All of this created some technical issues. The key one was that the header length, stored as text, could change the length of the header. This wasn't itself a deal-breaker, but other little flags created problems. If they represented byte-order as BIGENDIAN=Y, would that create confusion for their users? Would users make mistakes about what architecture they were on, or expect to use LITTLEENDIAN=Y instead?

In the end, it just made more sense to make all of the important fields binary fields. The header could still have a text section, which could contain arbitrary key/value pairs. For things like endianness, there were much simpler ways to solve the problem, like reserving 32-bits and having clients store a 1 in it. The parser could then detect whether that read as 0x00000001 or 0x10000000 and react accordingly. Having the header length be an integer and not text also meant that recording the length wouldn't impact the length.

These were all pretty reasonable things to do in a header format, and good compromises for usability and their business needs. So of course, Blaise, the CTO, objected to these changes.
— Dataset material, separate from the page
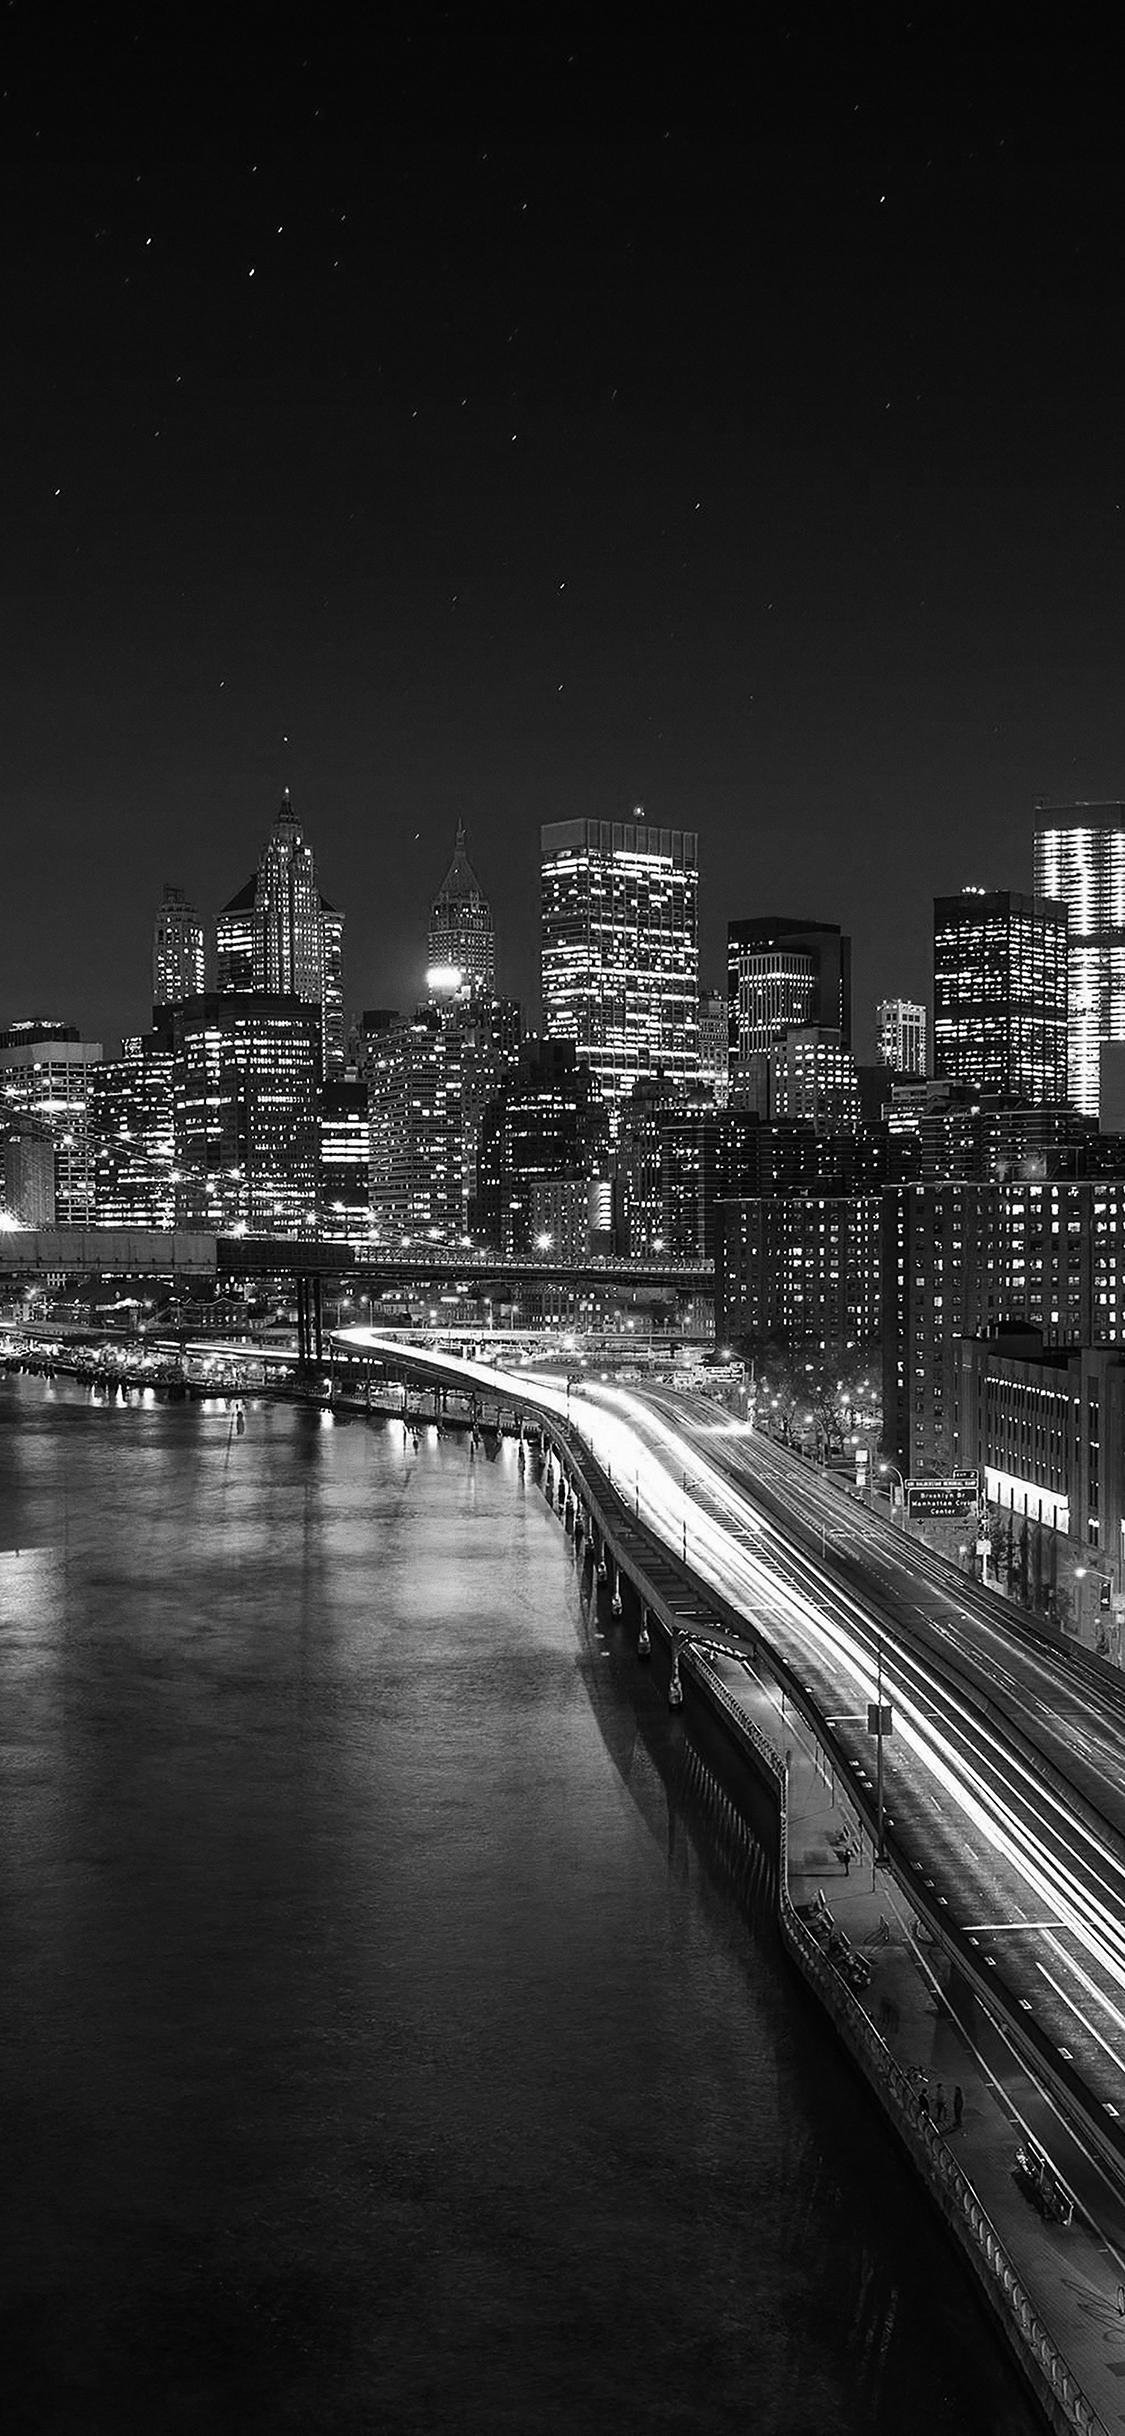 iPhoneXpapers.com-Apple-iPhone-wallpaper-mk04-night-city-view-lights-dark-bridge-nature

"I thought we'd agreed to text!" Blaise said, when reviewing the plan for the header format.

"Well, we did," Tim explained. "But as I said, for technical reasons, it makes much more sense."

"Right, but if you do that, we can't use cat or head to review the contents of the file header."

Tim blinked. "The header has a section for binary data anyway. No one should be using cat or head to look at it."

"How else would they look at it?"

"Part of this project is to release a low-level dump tool, so they can interact with the data that way. You shouldn't just cat binary files to your terminal, weird stuff can happen."

Blaise was not convinced. "The operations people might not have the tool installed! I use cat for reading files, our file should be catable."

"But, again," Tim said, trying to be patient. "The header contains a reserved section for binary data anyway, the file content itself may be binary data, the entire idea behind what we're doing here doesn't work with, and was never meant to work with, cat."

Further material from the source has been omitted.